Paula Knorr: Painting Power

09.06.2017 | Fashion | BY:

Paula Knorr paints power. Through molten textures and engulfing energy, striking clashes and forthright form. The brush she paints with is of a modern sensibility, dappled by her emotive translations through evocative fabric and stylistic fluidity.
The womenswear designer, currently supported by the British Fashion Council’s support scheme NEWGEN, initiated her interest in design with a naturalised association of fashion as an art form: as her artistic explorations developed, so did her desire to place the female at the foreground of her inspiration, with the presentation of femininity and strength colouring her collections each season.
From her emphasis on movement and sway in the shapes she cuts, there is something quite mesmerising about a Paula Knorr piece in motion. For Paula, clothes create a synergy between the wearer and themselves – seen in how her garments appear to mould around the body’s lines and horizons. Through her methodology – draping first on the figure before sketching out her ideas – the woman is the leading instigator in her inspirations. Her February 2017 showcase at London Fashion Week, Collages of Herself, took shape from excerpts of conversations Paula conducted with inspiring women, the figure and the female psyche informing the results. Her premier collection, ‘Her Wet Skin’, injected the power of contrasts between fabric choice to react and cause an emotional response to the collection. Discussing the challenges and responsibilities of design and the role of reality, the emerging designer is creating more than collections, she is aiming to capture expressions.
Paula Knorr AW17

Paula Knorr AW17

 

As a young woman of the 21st Century, what influenced your decision to study fashion?

I knew that I wanted to create clothes from a really young age on. I was always sketching and sewing outfits for my little sister. Growing up in a very artistic household – my parents are both artists and illustrators – I naturally saw fashion as an art form and for a long time not the commercial side of it.

How did your design process and inspirations change from when you began your studies?

When I started to study it was hard for me to source inspiration in personal subjects. Especially during your studies you have to talk about concept and inspiration on a daily basis in front of various people – I was too self-conscious to really work through my inner heartstrings. It was during my MA in London at the RCA that I realised there is no time to hide behind fashionable subjects – that it’s more worth your time when you work on something that truly defines you.

Paula Knorr AW17

Paula Knorr AW17

What is your design process now?

My main intention in my design is to put the woman in the foreground, not the cloth.

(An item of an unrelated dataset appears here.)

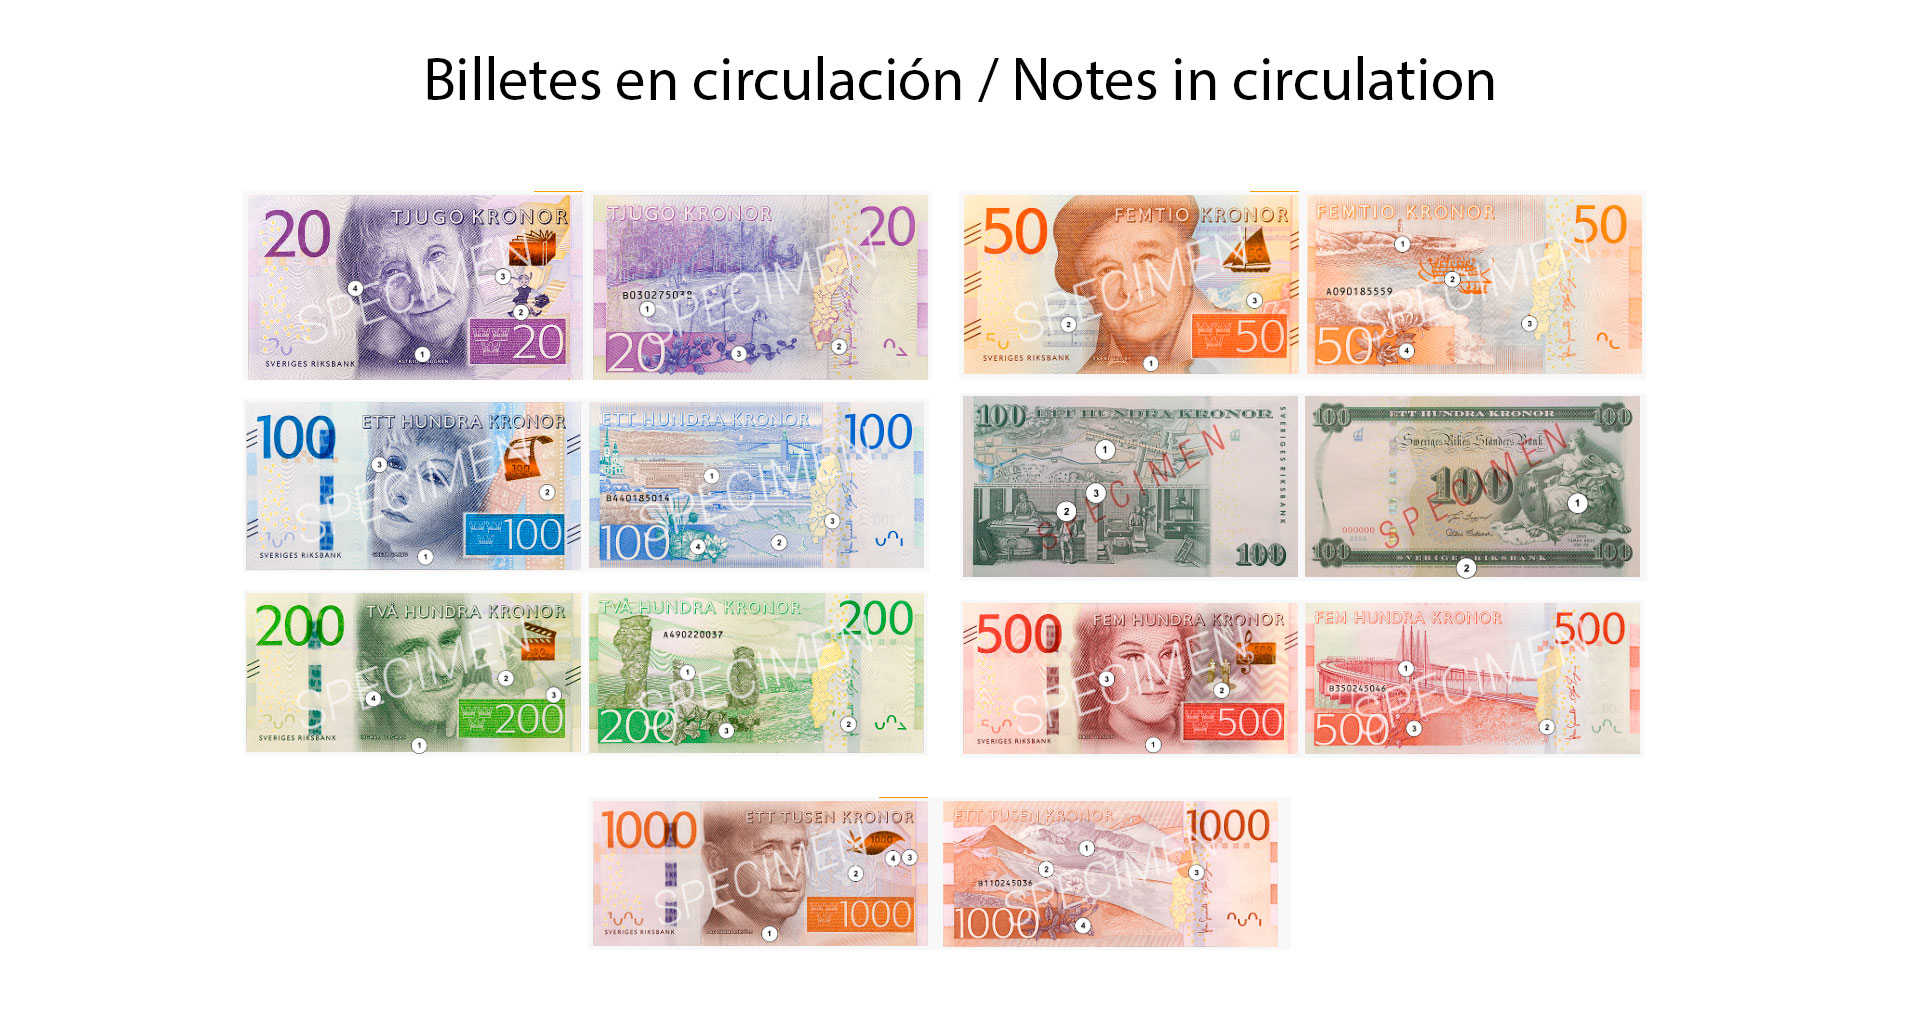 Sek euro exchange rate history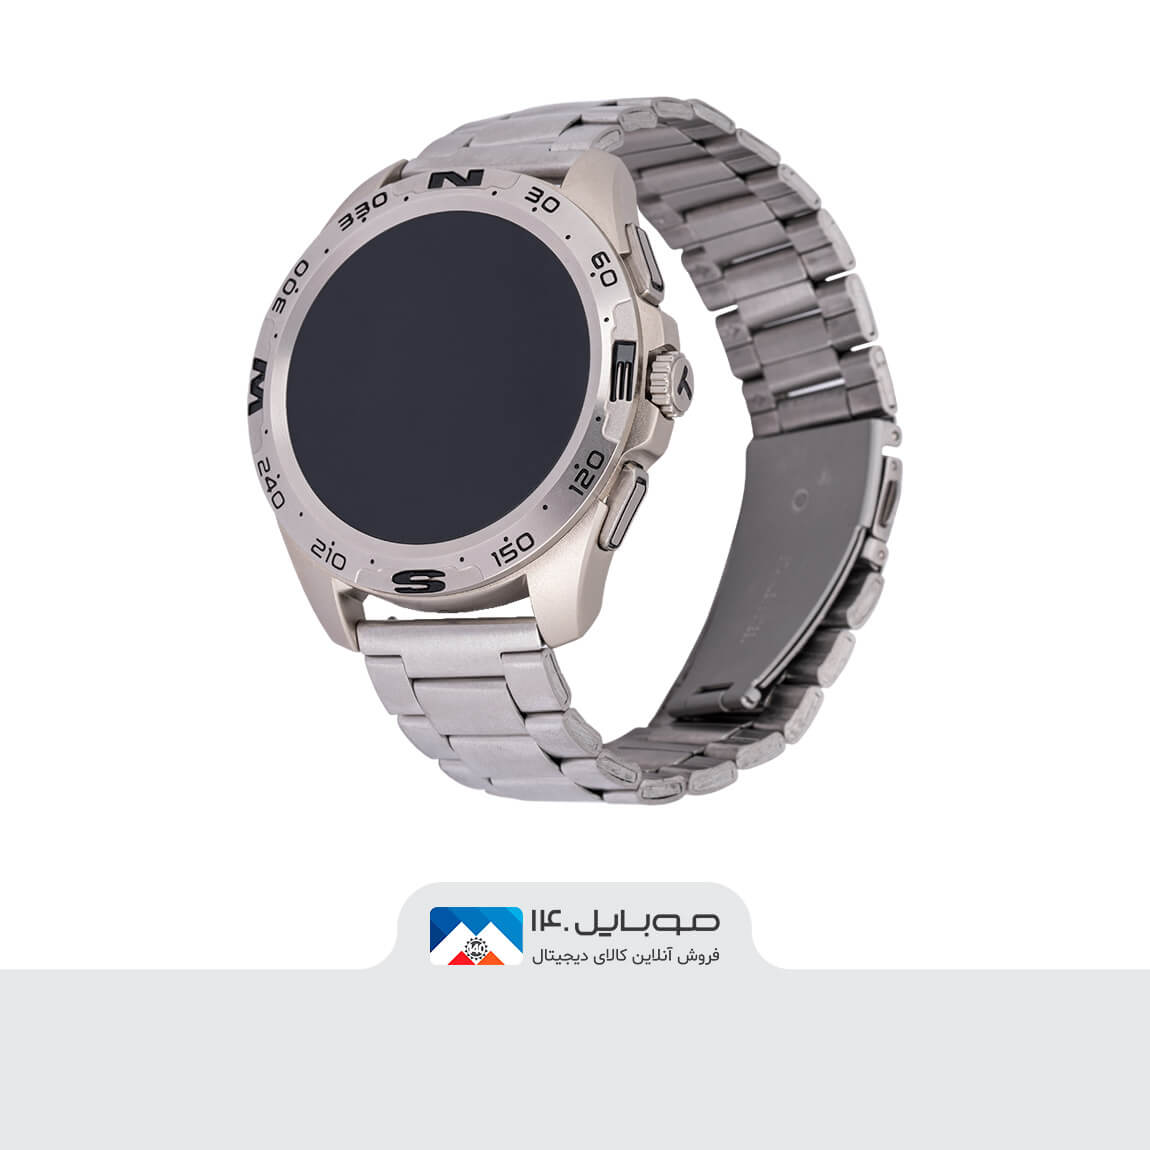 Hainoteko RW-23 Smart Watch 4

It´s all about her body, her movement and her personal beauty. This interaction and balance between the body and the garments is essential . Details, prints, etc. come second: that´s why I never start by drawing my ideas. I have to drape and preferably create them directly on a real body to explore how they interact.

How does the female voice shape your seasonal collections?

To support and illustrate female identity is the core of my designs. In fashion you sometimes get the feeling that the superficial vision of a girl and her clothes on the runway is getting more attention than the real woman that wears the garment later on. Every season, I try to define a method to reverse that and remind of the actual purpose of fashion.

What does being a designer mean to you? Are you a translator of femininity and power?

As a womenswear designer it is absolutely necessary to challenge yourself and what femininity means to you. Your sole field of work is to dress women, so you have the responsibility to be progressive, powerful and a fighter for their wishes. In your small area of reach you have the chance to contribute and absolutely change something for women.

PaulaKnorr_HWS_Look14-2

You describe your most recent collection as a complex collage of attributes – what are they and what lends to their complexities?

I wanted to showcase the diversity and complexity of the female psyche and appearance. Like in a collage all those emotions and characteristics don´t belong or fit together, they come from all sorts of places. Fashion tends to showcase this one dimensional, fictive girl as a muse. This makes the collection easy to understand, but also not relevant as an inspiration to reality.

How do you unite abstract emotion with material expression?

I wanted to transfer the interaction of sometimes conflicting emotions directly into garments by choosing fabrics which are not easy to understand and trigger your haptic impression. For example the AW17 silk and foil mix chiffon, which can look like glossy transparent latex in pictures, but moves like super thin chiffon, which creates a beautiful antithetic effect.

Your mission statement discusses creating an identity that allows a balance of strength and vulnerability – how do they feed into each other?

In reality a personality is never one dimensional. You can feel strong and vulnerable at the same time and tons of things more. To influence my design with reality, with a realistic female identity, is important in my process. What does femininity mean to you? My own picture of femininity is not the most unconventional one per se, but I have no problem with this. I think the main goal of feminism nowadays is to create room and acceptance for all concepts of feminine identity equally.

In an age of social anxiety, pressure and responsibility, where does your brand sit amidst the uncertainties surrounding women of our generation?

I want to connect to women of our generation which feel lost between gender neutral and over-sexual. I want to show that to be a feminine woman is equally important and needs the same attention than to be anything else. I was never the coolest kid and I always loved to feel really feminine. My main goal is to create a wardrobe for those women, which are not afraid to be strong and powerful but equally feminine.